Anyway, so after you make me wait two-and-a-half hours and I hand you two pages of carefully-typed information I need you to know -- like request for the mammogram prescription and explanation of why I need to go to Columbia, and full reports on every medical appointment I have had since I last saw you -- you rudely put it in my file without reading it and asked my aide to come into the room.  Next, you told the aide "I need you to talk to me because I don't have time for her [meaning me] to type out her answers on the machine".  I was floored;  I had just waited two-and-a-half hours and not once did you apologize for the delay.  And now you insist on speaking to my aide, who only repeated the questions you asked and I answered.  When my aide noticed that most of your questions were answered on the paper I gave you and pointed that out, once again you were exasperated. That was the last straw.  Such lack of respect for a patient is unacceptable.  I may be in a wheelchair and talk with an assistive device, but it is your job to deal directly with me.  Two-and-a-half hours is way too long for a patient to wait, and don't think I didn't notice that Russian-speaking patients who had appointments later than I did, were taken before me.

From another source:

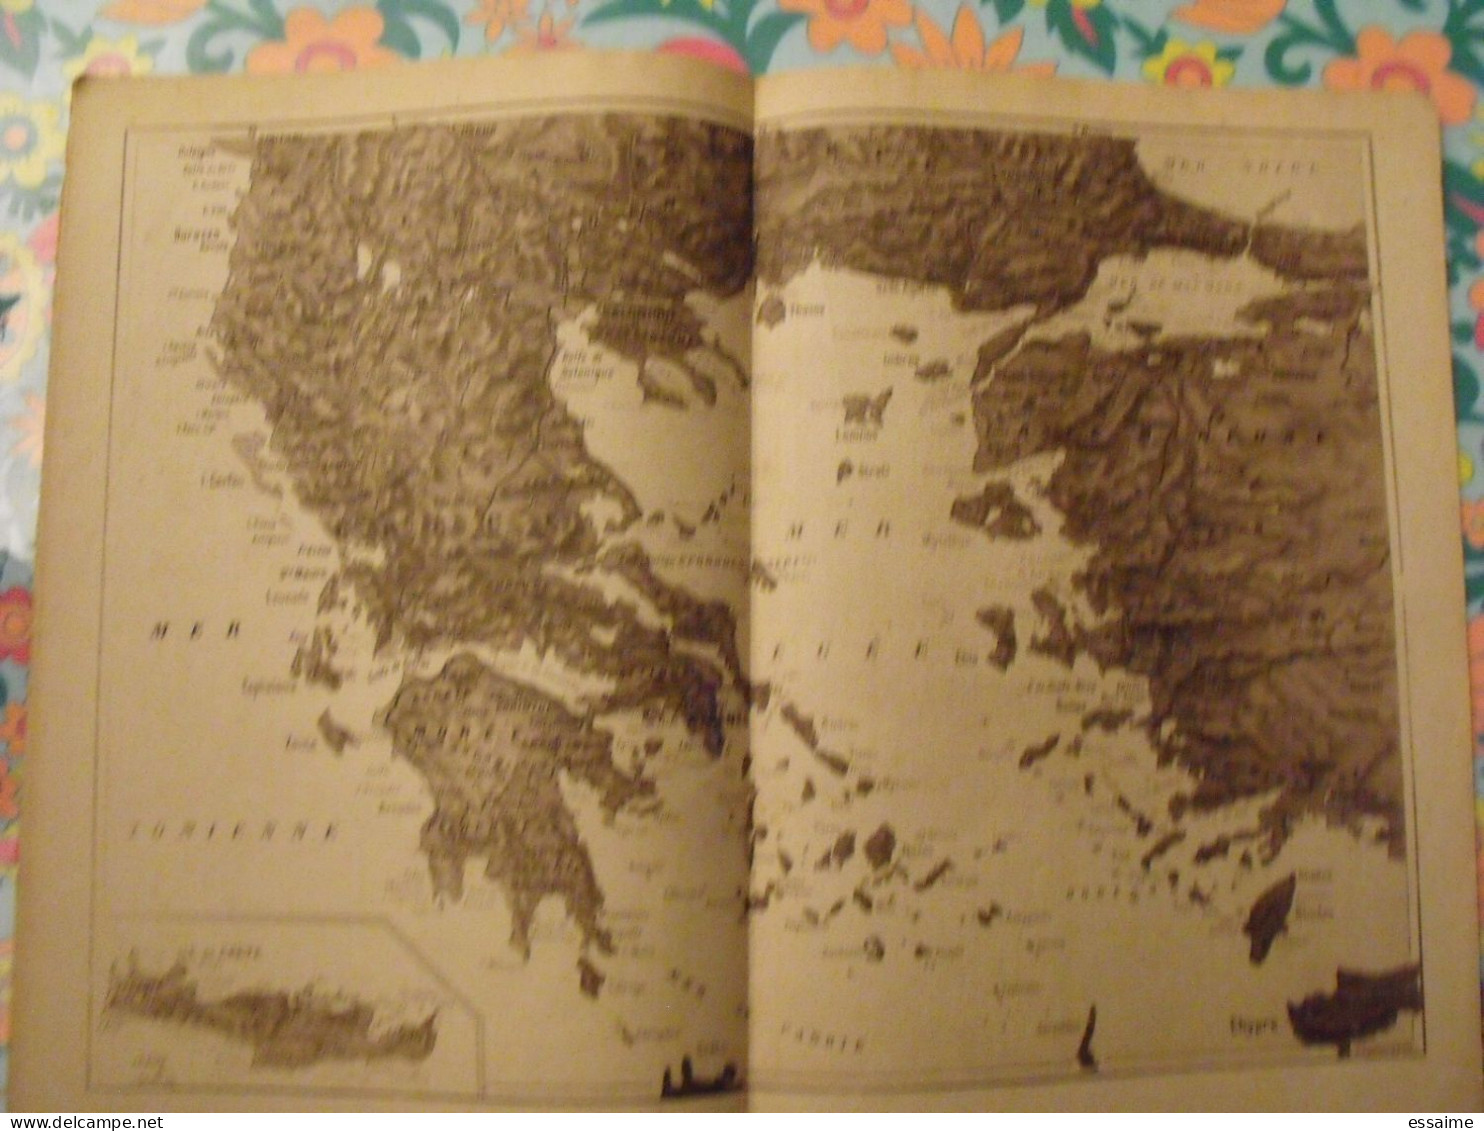 la Grèce par René Puaux. vers 1927. Venizélos histoire athènes macédoine épire

I gave you every benefit of every doubt, but you proved to be disrespectful, arrogant and a proponent of "my-way-or-the-highway" doctoring of 50 years ago.  You are not God and I don't have to put up with your bad behavior in this day and age of choice.  I have chosen another doctor who -- by the way -- apologized for making me wait 30 minutes in her waiting room.  I have an email which I can use to ask her questions between appointments, and request prescription refills.  I have already done so, and my prescription was at the pharmacy a few minutes later.  I am very happy with my new doctor and will not hesitate to recommend her;  I will continue to dissuade people from consulting with you.

Sincerely,
Fern Ellen Cohen

Will I mail this to the doctor?  Probably not.  Because she will probably just stick it in my file without reading it, like she does with everything else I have given her.  She'll probably just think I died, or went to a nursing home.  Or maybe never notice that I'm gone, or maybe even heave a sigh fo relief that she doesn't have to deal with "the lady who talks with the computer".  Either way, she and I are done.